Jakie wrażenia? €€€€
Nie oglądałem, ale by chociaż mieć mizerne pojęcie o czym niektórzy piszą zapodałem sobie zwiastun i jakiś tam fragment … Rozmawiałem również z osobami, które ten film oglądały.
A precz mi z takimi produkcjami …
Na dobre rzeczy brakuje mi czasu a miałbym tracić na takie gnioty.
To moje zdanie i mogę się mylić, może to dzieło na światowym poziomie, może czegoś nie rozumiem, ale na razie trzymam się od tego z dala.
Nie widzialam i na razie nie zamierzam.
Barbie to byl zelazny punkt prezentowy dla córek krewnych i znajomych Królika
A jeszcze jak sie udalo kupic Kena z włosami ?
A na slowo “kultowy” dostaje wysypki
Jak nie będę mogla zasnac i emocje spoleczne opadna? Może obejrze.
Na razie moge tyko stwierdzic, ze różowy nigdy nie należał do moich ulubionych kolorow
Ojej, nie lubisz różu?
Jadę zaraz na zlot amerykańskich krążowników. Jak będzie jakiś różowy, to zrobię zdjęcie, specjalnie dla Ciebie herytiera, zapodam jak wrócę.
Maluch jedzie ze mną …
Fenomen koloru różowego to ciekawe zjawisko. Sama go nie lubię. Nie mam nic w tym kolorze ale kupując wczoraj prezent dla trzylatki nie mogłam się oprzeć, żeby nie kupić różowej torebusi, różowej szczotki do włosów i różowych spinek do włosów.

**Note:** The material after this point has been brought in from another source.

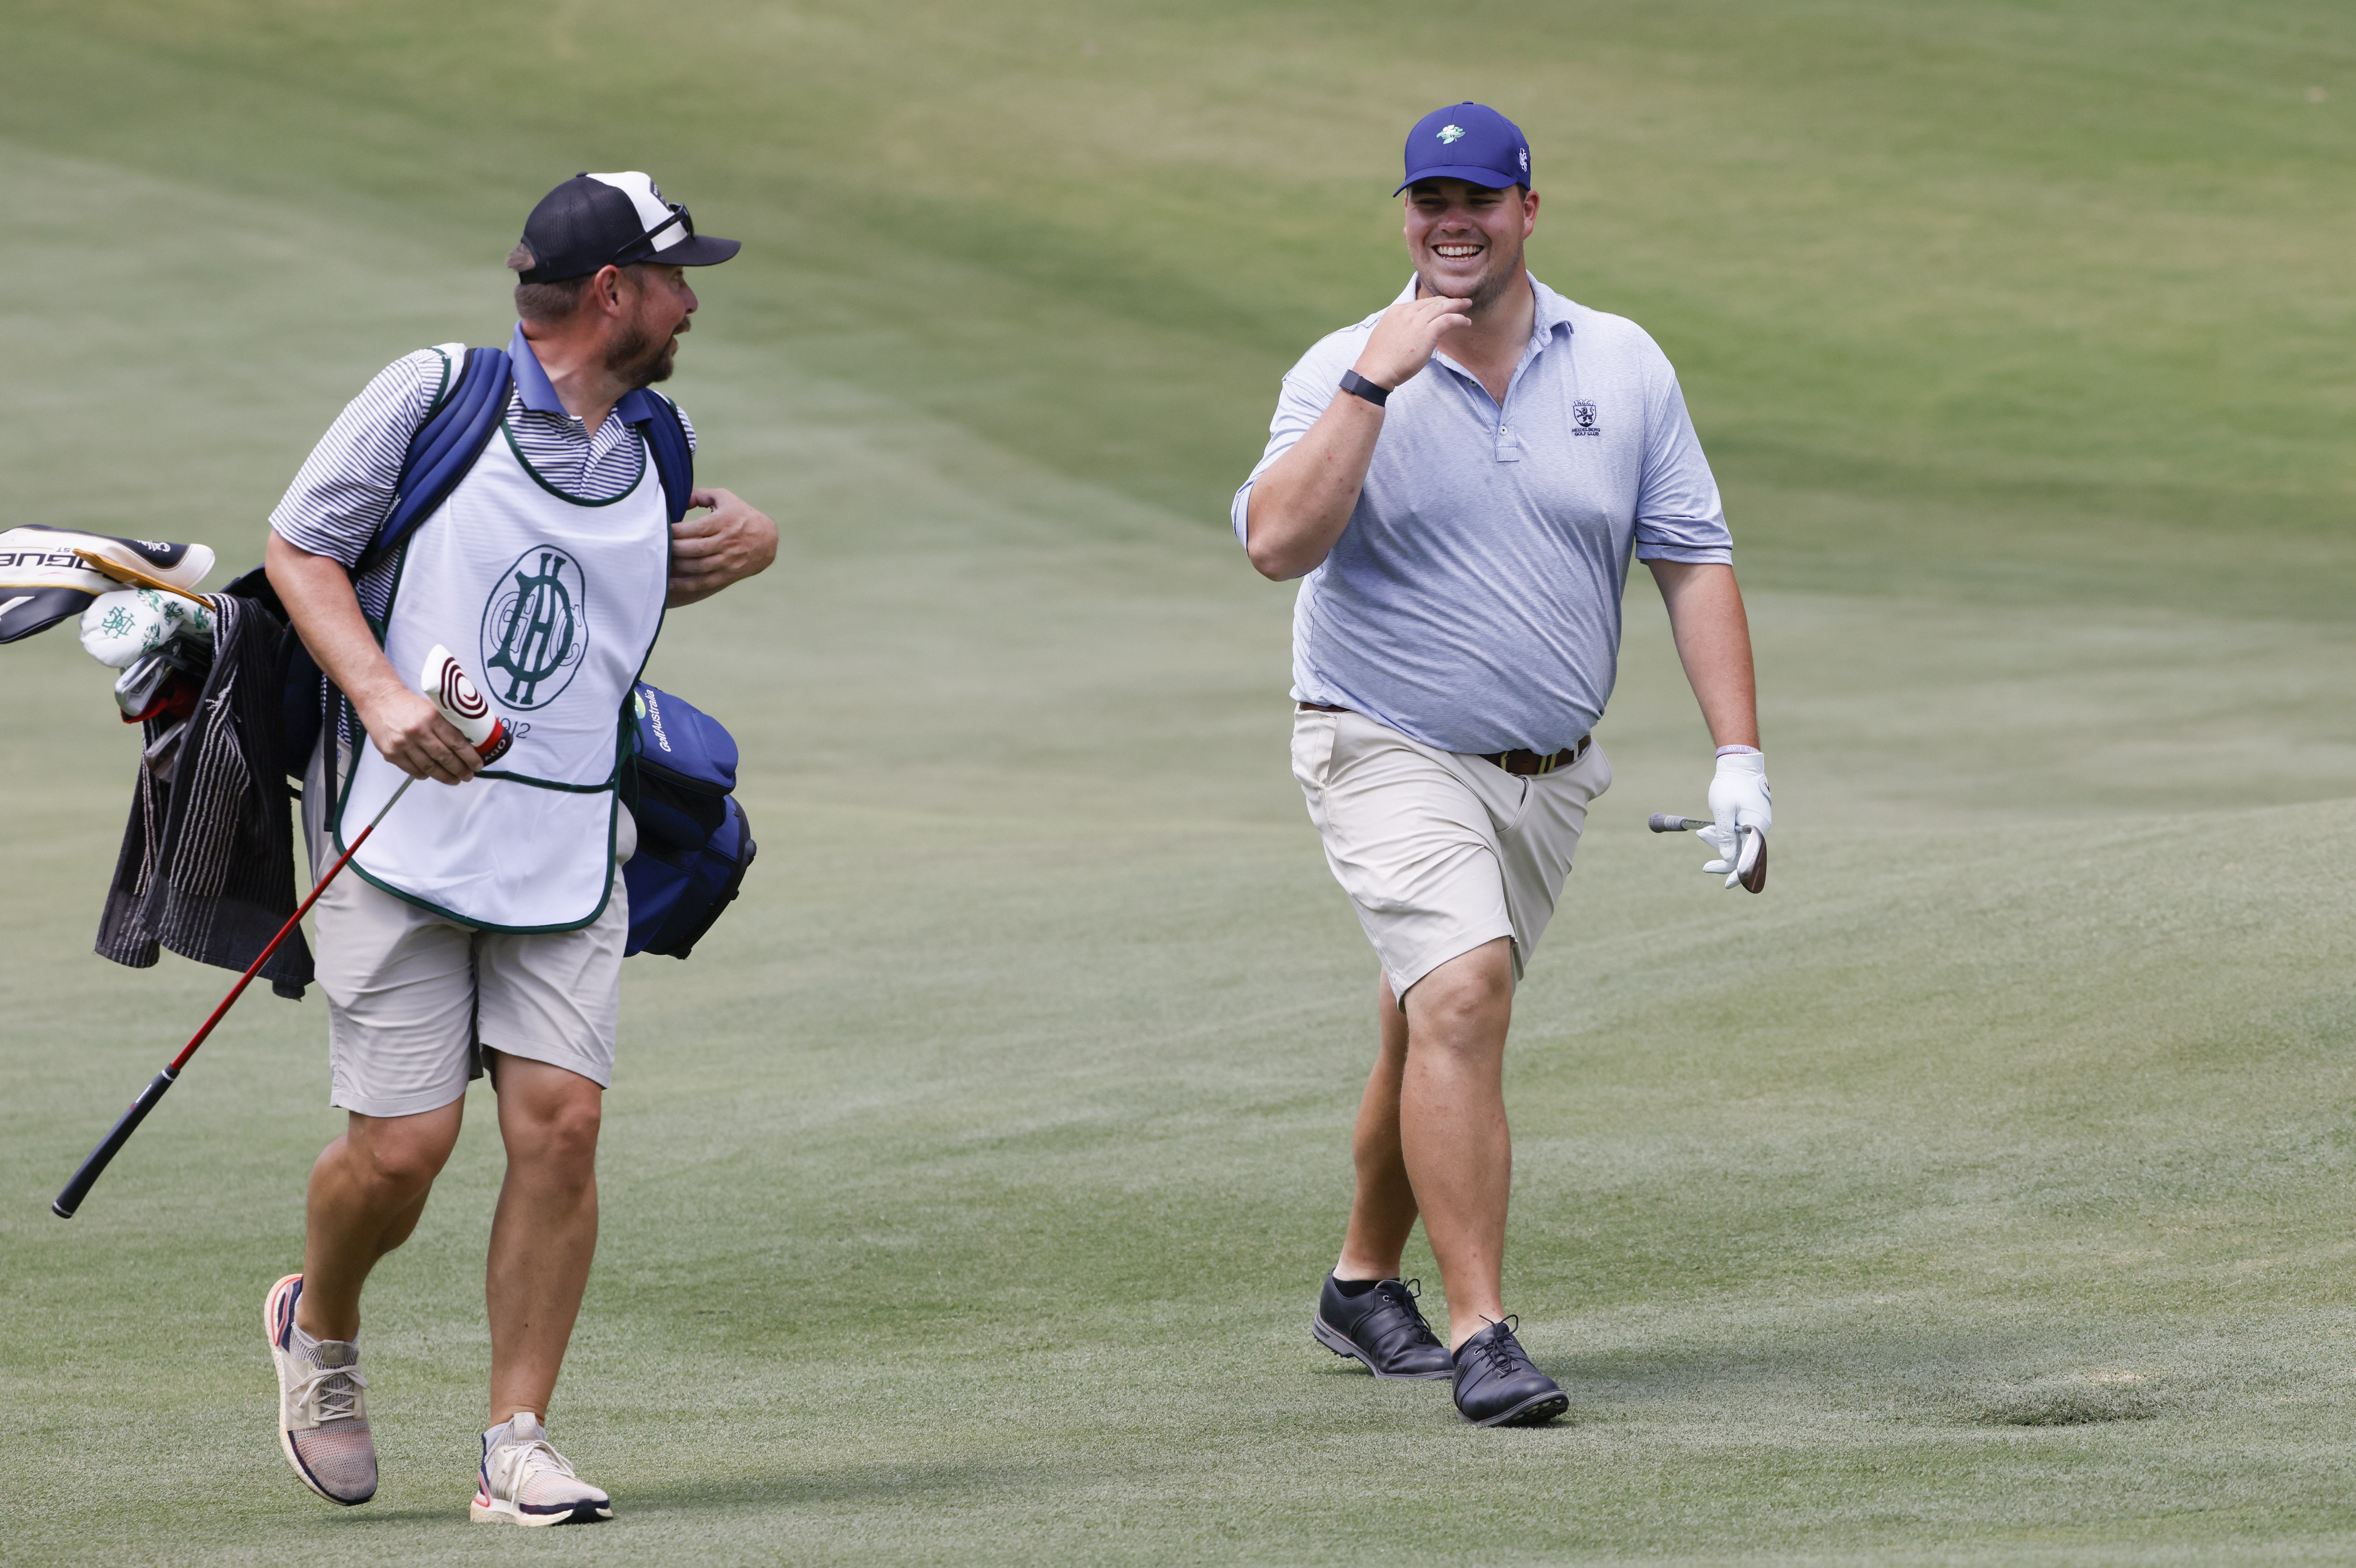 Golfer Toby Walker continues Australian tradition at Dogwood Invitational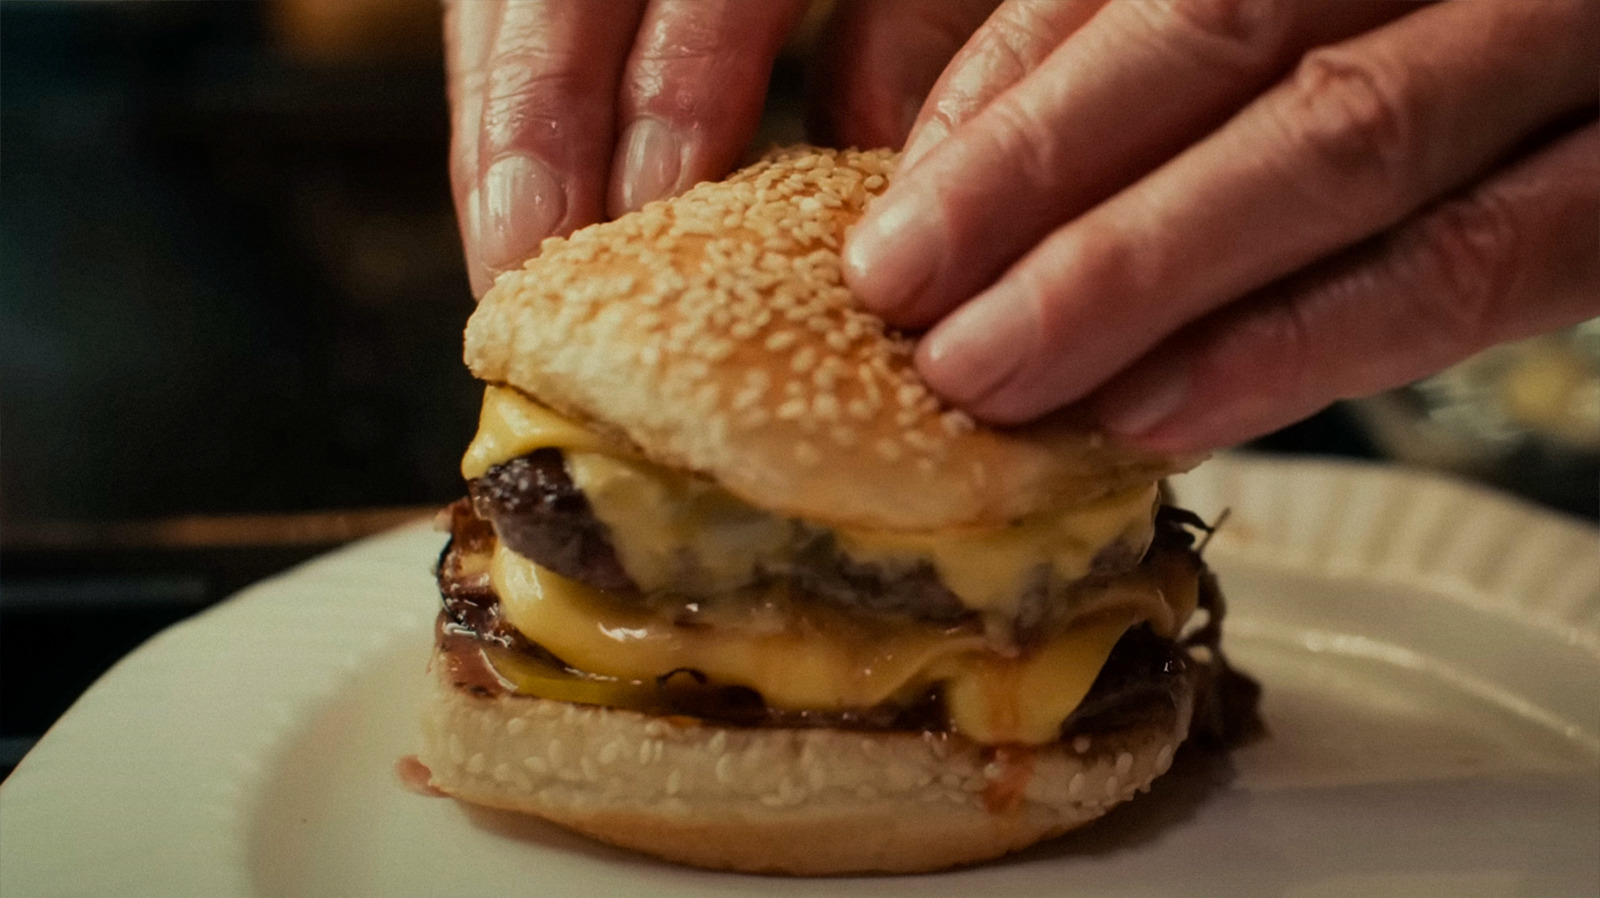 https://www.slashfilm.com/img/gallery/learn-how-to-make-that-delicious-cheeseburger-from-the-menu-thanks-to-binging-with-babish/l-intro-1675042404.jpg

@benasek Moim zdaniem pomysł ciekawy. I na tym koniec. Oglądałam - parę dni temu w kinie.
Dzięki.
To znaczy aut, ktore sa duze i nieekologiczne? A do bagaznika wchodzi ilość zakupow z zapasem na kwartał?
Nie ale z ciekawości obejrzę jak wyjdzie na vod. Spróbuję poszukać w tym różu głębi i przesłania
Kolego rozowy niektorych zniewala
Nie byłem ale film ponoć zrobił furorę
@Rodriguez Zrobił. Ma dobry marketing.
Nie, nie pisałem o zlotach tirów tylko old timerów - aut amerykańskich. Ich po drogach nie jeździ tyle, by szkodziły ekologii… Bez paniki
Fenomen koloru różowego polega na tym, że ostatnio robiłem prezenty rozdając różowe długopisy. Wykupiłem je prawie wszystkie w sklepie.
Te długopisy to nie takie zwykłe. Oprócz tego, że można nimy pisać, to mają jeszcze w sobie śrubokręty. Ale i to nie wszystko.
Służą jeszcze jako linijki.
By było mało, to można nimi jak rysikiem po laptopie pisać albo smartfonie.
Na tym nie koniec ciekawostek.
Taki długopis zawiera jeszcze w sobie poziomnicę.
Pewnie ma jeszcze sporo innych funkcji, ale na razie tyle ich znalazłem.
A ja lubię, zawsze lubiłam kolor różowy, nie krzykliwy róż. Mimo, że został zawłaszczony przez kiczowatą lalkę.
Przeciez wiem
Jak to mawiali? Amerykanin uczy sie prowadzic auto zanim przestanie uzywac pieluszek. W USA nie bylam, ale jak opowiadal kolega w kwestii prawka? Na egzamin podjechal swoim autem z reczna skrzynia biegów.
Poprosili tylko o zdjecie w formacie odpowiednim do przepisow federalnych.
A lat temu x omalze nie zostalam wlascicielka takiej skorupy z silnilem żuka. Choinka 2 m. wchodzila do bagaznika. Ale osobiscie wole auta tego typu
Dlugi czas bylam fanka F1, ale ta wszechobecna korupcja??
I ja naprawde cenie Kubice za upor i dobre chęci, ale seryjne rozbijanie aut ? Wynikajace z braku wyobrazni chyba?
To czemu mnie w straszliwy błąd wprowadza, czemu?
Potem mam bez to mentlikum we łbie …
Skoro były dzięki, to się spiąłem, łaziłem, łaziłem i w końcu jest!
Znalazłem!
Różowy old timer (Wydaje mi się, że to lincoln), specjalnie dla herytiery.